Right now, Marvell Technology dominates this part of the chip market. Retym wants to change that.
“The focus is on building coherent DSP chips for the next generation of AI infrastructure and cloud,” said co-founder and CEO Sachin Gandhi.
According to Gandhi, today’s data centers are running into a serious bottleneck. AI workloads aren’t just about raw compute anymore—they’re about connecting all that compute efficiently. As chips collaborate on machine learning tasks, any lag in communication slows everything down.
Retym’s chips are aimed at solving this. The first version is designed to move data over distances ranging from 10km to 120km, but it’s specially tuned for the 30km to 40km sweet spot. To avoid data loss, the chip uses a modulation technique that keeps signals clean over long distances.
“They went straight for the harder problem: longer distances,” said Navin Chaddha, Managing Partner at Mayfield.
Retym is building its chips using TSMC’s 5nm process and is currently testing early samples. The tech is tailored for high-bandwidth optical networks inside and between data centers—something AI infrastructure is hungry for.
Retym’s programmable coherent DSPs aim to become a foundational part of future AI and cloud infrastructure. The Series D funding will help the company move into production and continue developing new products. The goal is a multi-generational roadmap that keeps pace with growing network demand from AI systems.
“As AI workloads continue to grow, they’re pushing infrastructure to its limits,” Kuklinski said. “Retym’s team is uniquely positioned to address this, and we’re excited to support them as they build out the future of AI networking.”
Mayfield’s Chaddha called the team “exceptional,” and said their work could define the next wave of AI infrastructure. Kleiner Perkins partner Mamoon Hamid echoed that sentiment, saying Retym’s approach to coherent DSPs could fix some of the biggest limitations holding AI back.
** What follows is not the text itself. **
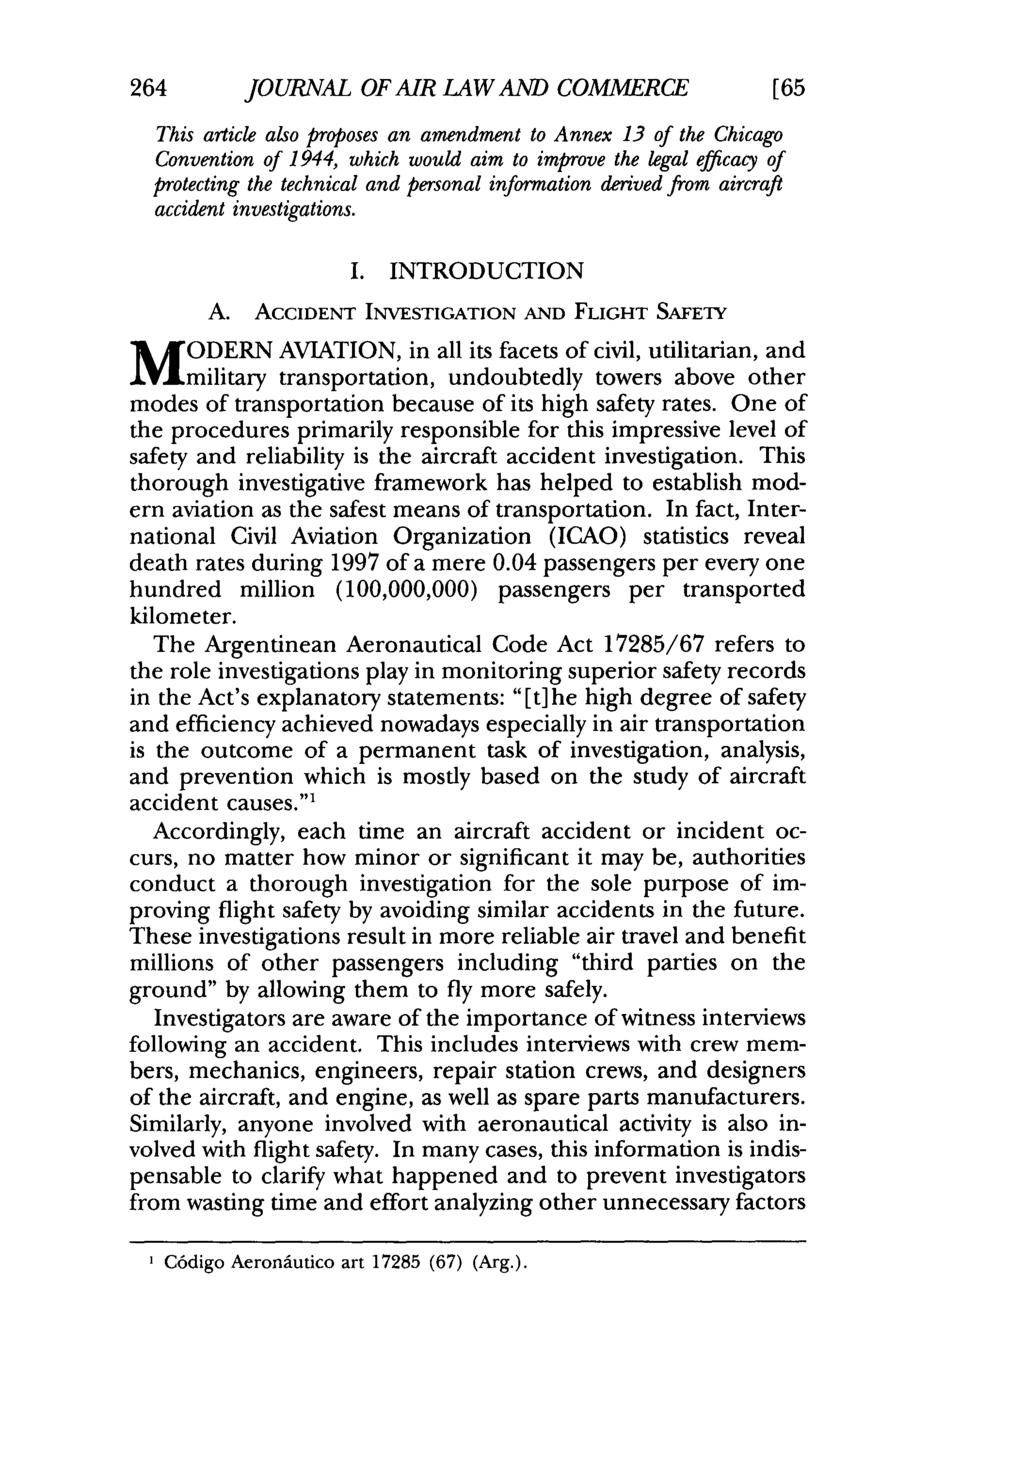 264 JOURNAL OF AIR LAW AMD COMMERCE This article also proposes an amendment to Annex 13 of the Chicago Convention of 1944, which would aim to improve the legal efficacy of protecting the technical

The timing might be right. Analysts at Dell’Oro Group estimate global spending on data center compute and networking could top $1 trillion annually within the next decade. Retym is stepping into that market with technology meant to help move data faster, more efficiently, and with less power.
“The old boundaries between inside-the-datacenter and datacenter interconnect are starting to blur,” said Vlad Kozlov, CEO of research firm LightCounting. “Retym is entering just as the need for smarter DSPs is becoming unavoidable.”
Gandhi says the company is just getting started. “We’re working closely with customers and partners to bring our DSPs into next-gen transceiver designs. There’s more coming soon.”
Founded by Sachin Gandhi (CEO) and Dr. Roni El-Bahar (CTO), Retym is a semiconductor startup focused on solving some of the toughest challenges in AI infrastructure and cloud connectivity. The company brings together top talent in analog design, DSP, VLSI, and optical communications—backed by experienced investors—to build high-performance chips aimed at reshaping how data moves through AI data centers.